Chapter 41 – God overrules individuals; God invites Israel to trust Him; God overturns idols

Isaiah 41:1-7 – Who Controls History?  –  God overrules individuals!

Isaiah 41:1-7 (ESV)
1  Listen to me in silence, O coastlands; let the peoples renew their strength; let them approach, then let them speak; let us together draw near for judgment.
2  Who stirred up one from the east whom victory meets at every step? He gives up nations before him, so that he tramples kings underfoot; he makes them like dust with his sword, like driven stubble with his bow.
3  He pursues them and passes on safely, by paths his feet have not trod.
4  Who has performed and done this, calling the generations from the beginning? I, the LORD, the first, and with the last; I am he.
5  The coastlands have seen and are afraid; the ends of the earth tremble; they have drawn near and come.
6  Everyone helps his neighbor and says to his brother, “Be strong!”
7  The craftsman strengthens the goldsmith, and he who smooths with the hammer him who strikes the anvil, saying of the soldering, “It is good”; and they strengthen it with nails so that it cannot be moved.

 

V.1 – Listen  (the imperative calling for “silence” to get the people’s attention.
God’s attention is turned to the Gentile nations and judgment is coming soon.  V.1 “let us draw near for judgment”  as it is now that God is calling upon individuals to turn to Him and accept the gift of salvation.

V.2-3 – A worldwide issue has to be settled first.  Who is in charge of the nations?  At present there is a widespread misconception of God in that the world holds to the idea that God is uninvolved in our world.  With that view the conclusion is that one’s life has no meaning.

V.2- My research on text that stated:  “Who stirred up one from the east whom victory meets at every step?” This generates the question:  “Who empowers this unidentified conquering king? “   and thus asking:  was it God or some foreign god(s)?
The text here is God providing us with a ‘self-introduction’ that claims his sovereignty and divine control over history.  God has the status, longevity, and past performance to support the claims that He is the One True God.
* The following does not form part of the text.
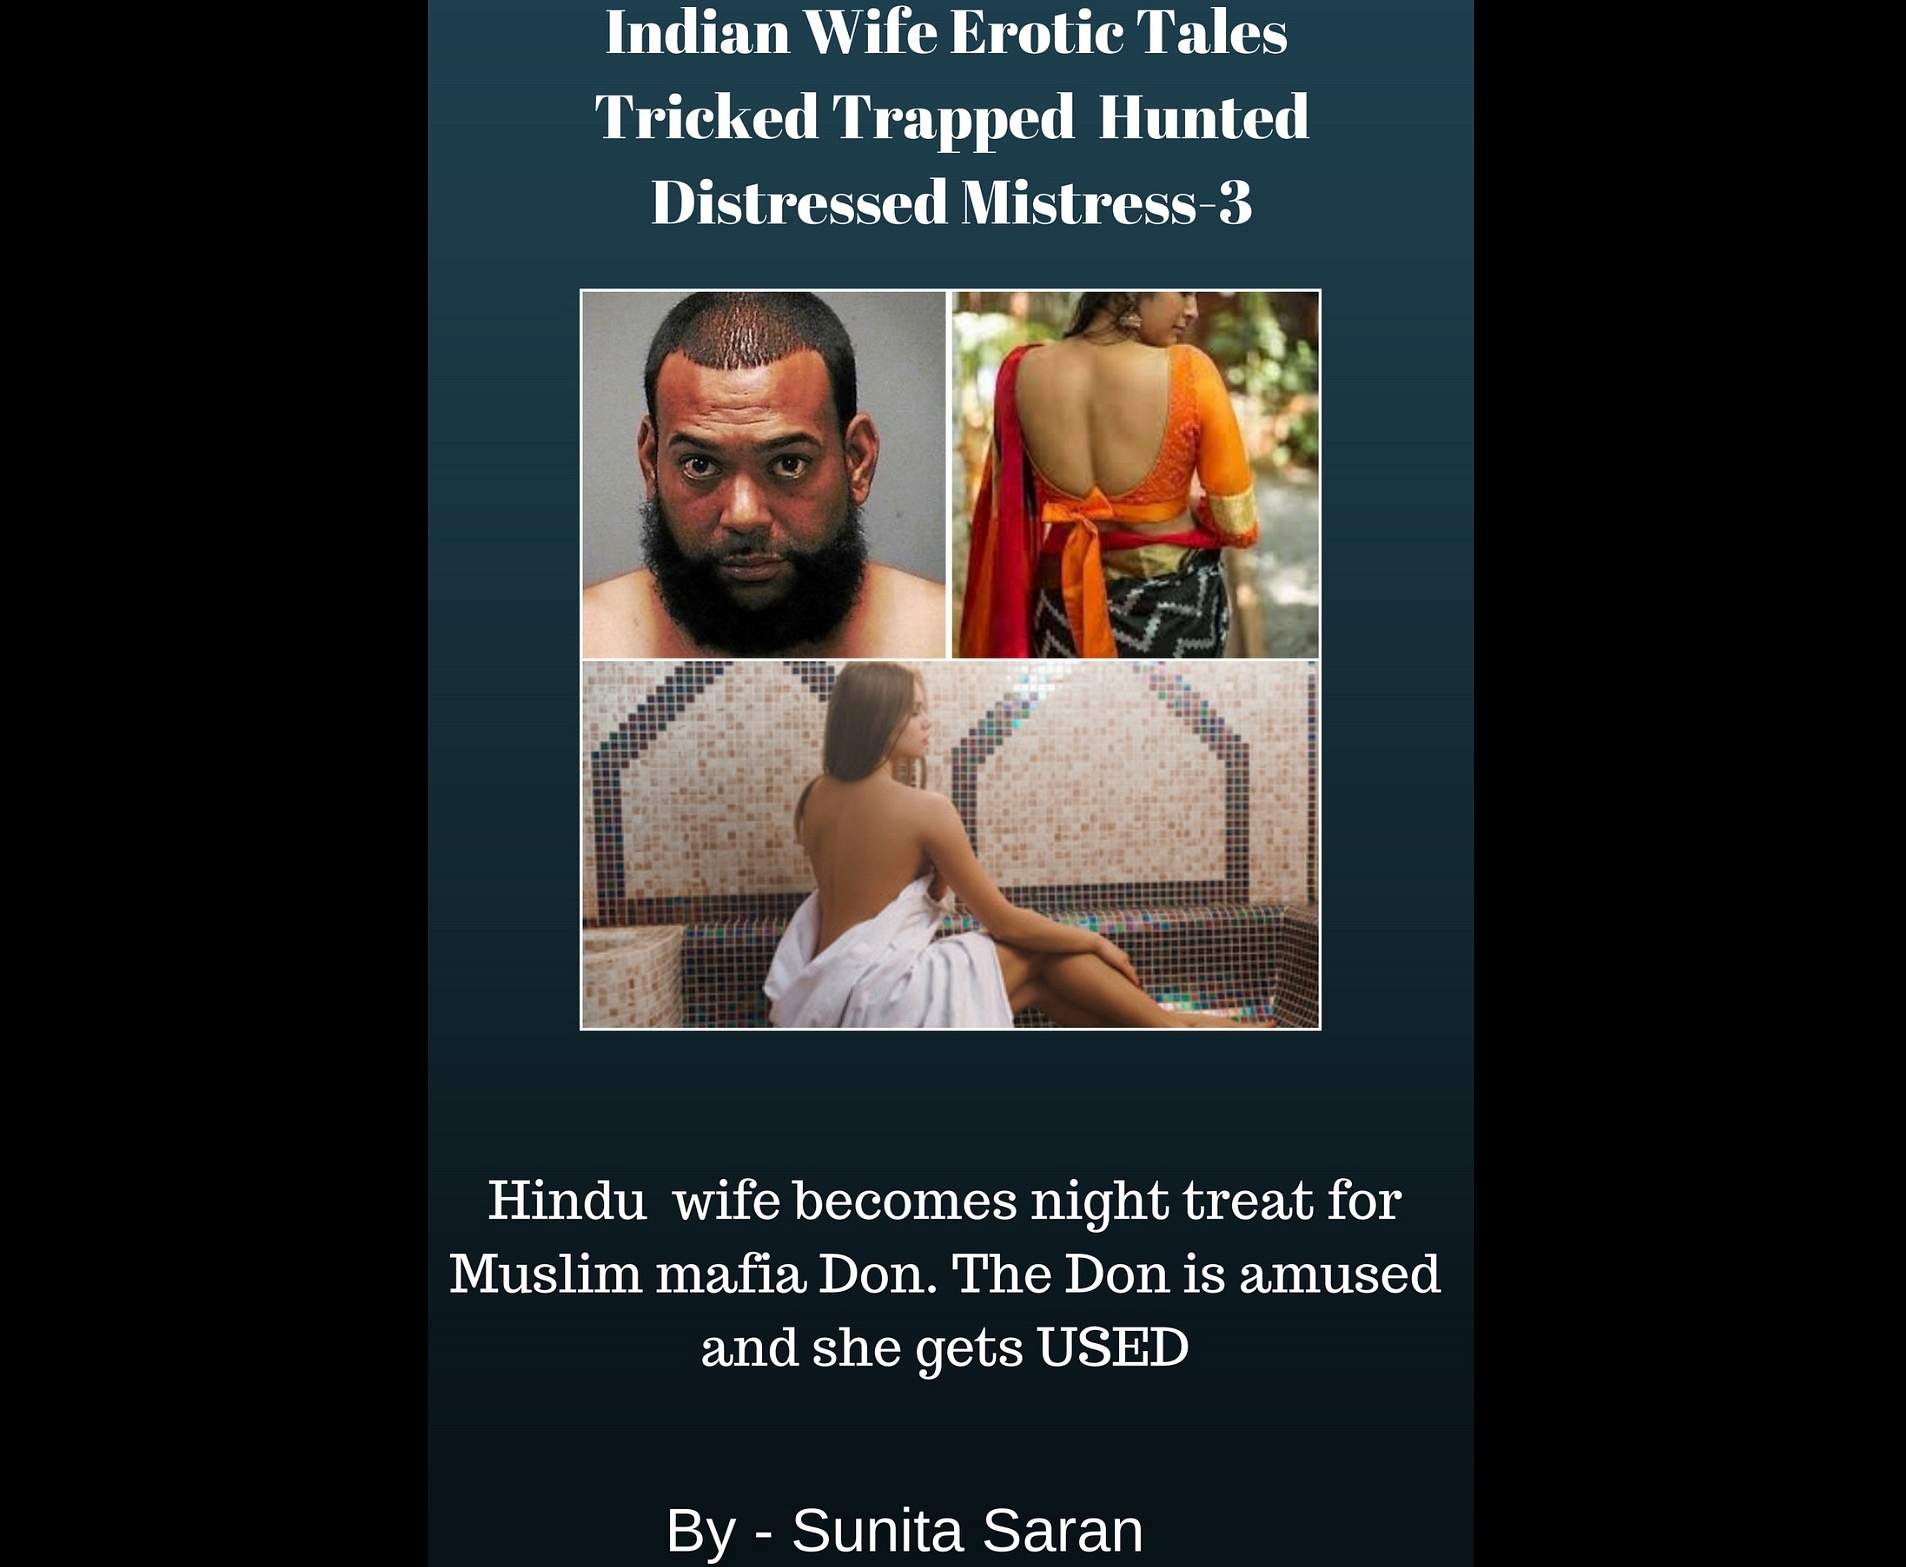 On Kindle Store, A Sea Of Pornographic And Rape Fantasy Books Featuring Hindu Women And Muslim hq picture

Ray Orland quotes G. K. Chesterton and adds a comment:
I think it was G. K. Chesterton who said, “When people stop believing in God, they don’t believe in nothing; they believe in anything.” That’s true. When fearful people lose their sense of God, what do they do? They join together to construct their own meanings, their own myths. And the artificiality of it all is the world’s guilty secret (Romans 1:18–32).[1]


Isaiah 41:8-10 (ESV)  God Alone Emboldens Us!

8  But you, Israel, my servant, Jacob, whom I have chosen, the offspring of Abraham, my friend;
9  you whom I took from the ends of the earth, and called from its farthest corners, saying to you, “You are my servant, I have chosen you and not cast you off”;
10  fear not, for I am with you; be not dismayed, for I am your God; I will strengthen you, I will help you, I will uphold you with my righteous right hand.
God longs for us to draw strength from this greatness.

V.8 “But” is there to draw contrast between the nations with their homemade saviors and the Sovereign God of the universe.  This is the God that chooses to uphold us by his unerringly righteous right hand.

V.9 “you are my servant, I have chosen you and not cast you off.

In these verses it’s like God is showing us that he wants us to know what we can expect from him.  That his presence, strength, help and perfect support is there for us.

V.10 – Two men in the history of the Jews are mentioned:

  1. Jacob, the crooked one and yet and God made him, Israel a prince with God.
  2. Abraham, the friend of God that God worked with to develop a right relationship with him.

Showing that God works to develop his servants to be the leaders he chooses them to be.  He wants us to subject ourselves to this refining process.  Thus, as V. 10 states…“I will strengthen thee; yea, I will help thee”

Quote:  Expositor’s Bible Commentary:

The name Israel suggests what God is determined to make of his people (Gen 32:28), while the name Jacob indicates that God loves them and has chosen them despite their demerit (see comment at 40:27). Taking them from the ends of the earth is hyperbole laying stress on the distance of Abraham’s journey from Ur to Canaan, undertaken under God’s watchful and caring eye. God chose the people for a purpose of service; and so, of course, they cannot perish without that purpose being fulfilled. These people are loved for the sake of beloved Abraham (cf. Deut 7:7–8), to whom God gave great promises (Gen 12:1–3; 17:1–8 et al.). The strength already promised (40:31) would be theirs. The threefold affirmation of strength comes to its consummation in a reference to the righteous right hand of God, a reminder possibly of the tender strength of the Shepherd-King in 40:9–11.[2]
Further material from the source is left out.